The nursing home must establish and maintain a system that assures a full and complete and separate accounting, according to generally accepted accounting principles, of each resident's personal funds entrusted to the nursing home on the resident's behalf.  The system must preclude any commingling of resident funds with nursing home funds or with the funds of any person other than another resident. The individual financial record  must be available through quarterly statements and on request to the resident or his or her legal representative.

The nursing home must notify each resident who receives Medicaid benefits: 1) when the amount in the resident's account reaches $200 less than the SSI resource limit for one person, and 2) if the amount in the account, in addition to the value of the resident's other nonexempt resources, reaches the SSI resource limit for one person, the resident may lose eligibility for Medicaid or SSI.

Upon the death of a resident with a personal fund deposited with the nursing home, the nursing home must convey the resident's funds, and a final accounting of those funds, to the individual or probate jurisdiction administering the resident's estate within 30 days.
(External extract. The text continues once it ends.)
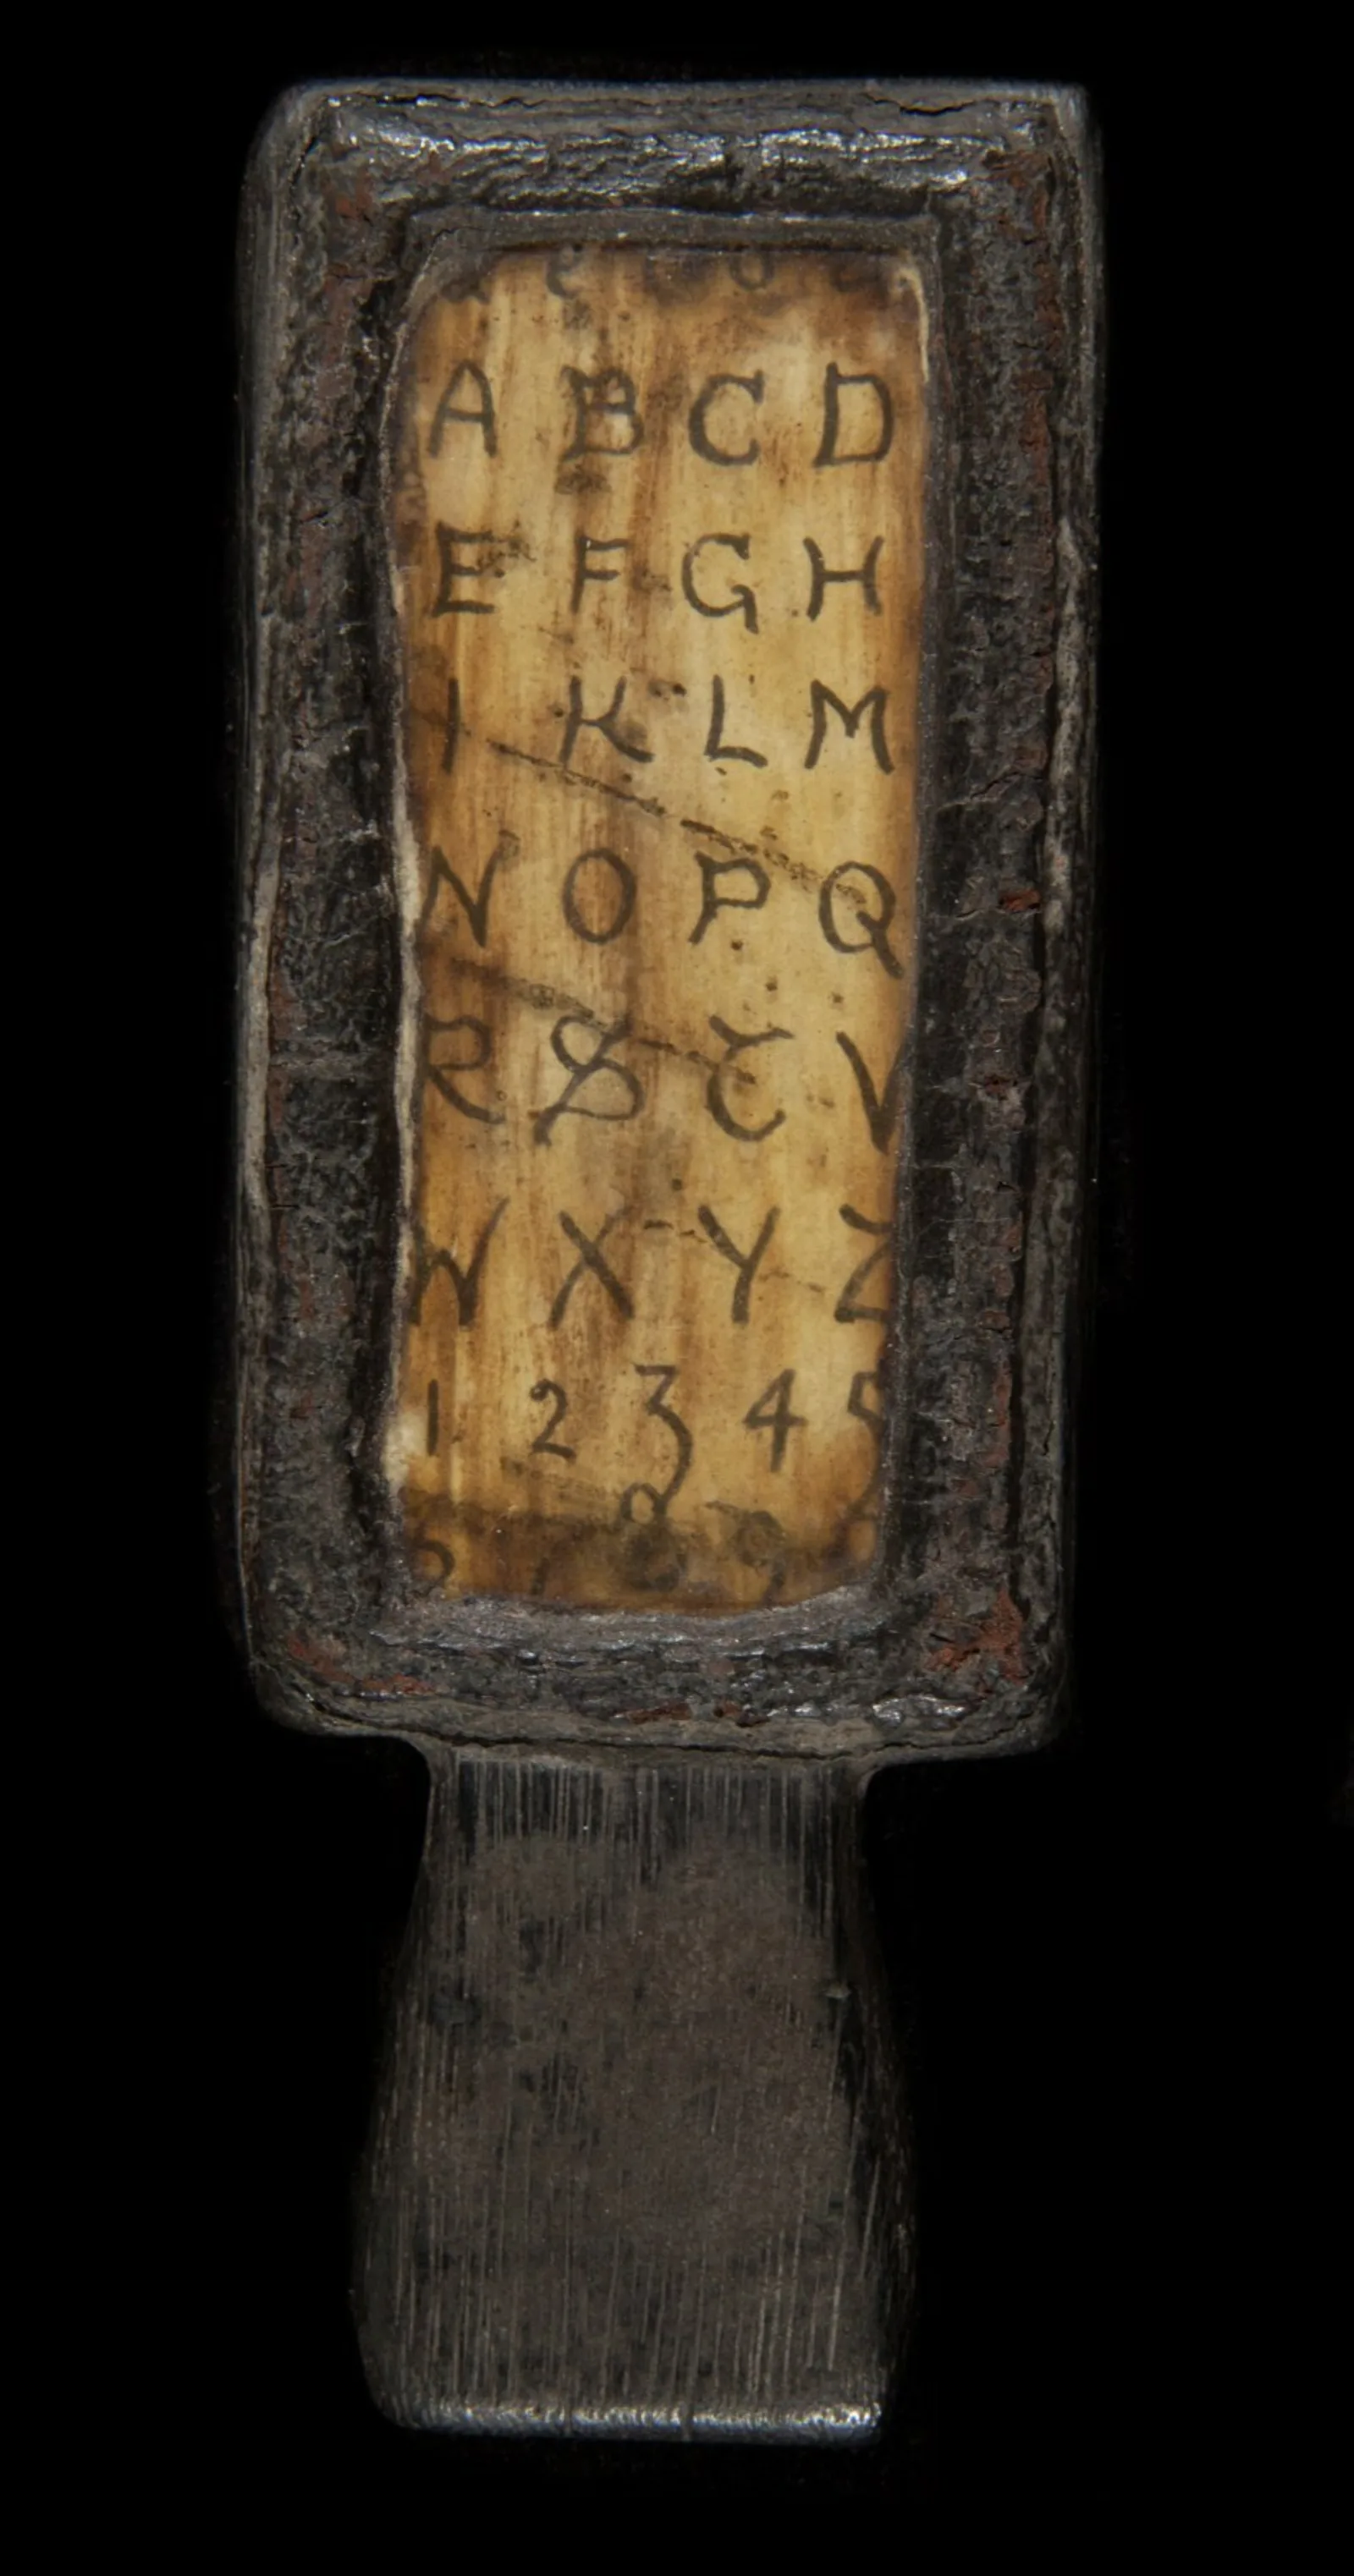 A small wooden paddle has a transparent screen running vertically. Under the screen is a handwritten alphabet. 

The nursing home must purchase a surety bond, or otherwise provide assurance satisfactory to the Secretary of Health and Human Services, to assure the security of all personal funds of residents deposited with the facility. The nursing home may not impose a charge against the personal funds of a resident for any item or service for which payment is made under Medicaid or Medicare.

Free Choice

The resident has the right to: 1) choose a personal attending physician, 2) be fully informed in advance about care and treatment and of any changes in that care or treatment that may affect the resident's well-being, and 3) unless adjudged incompetent or otherwise found to be incapacitated under the laws of the state, participate in planning care and treatment or changes in care and treatment.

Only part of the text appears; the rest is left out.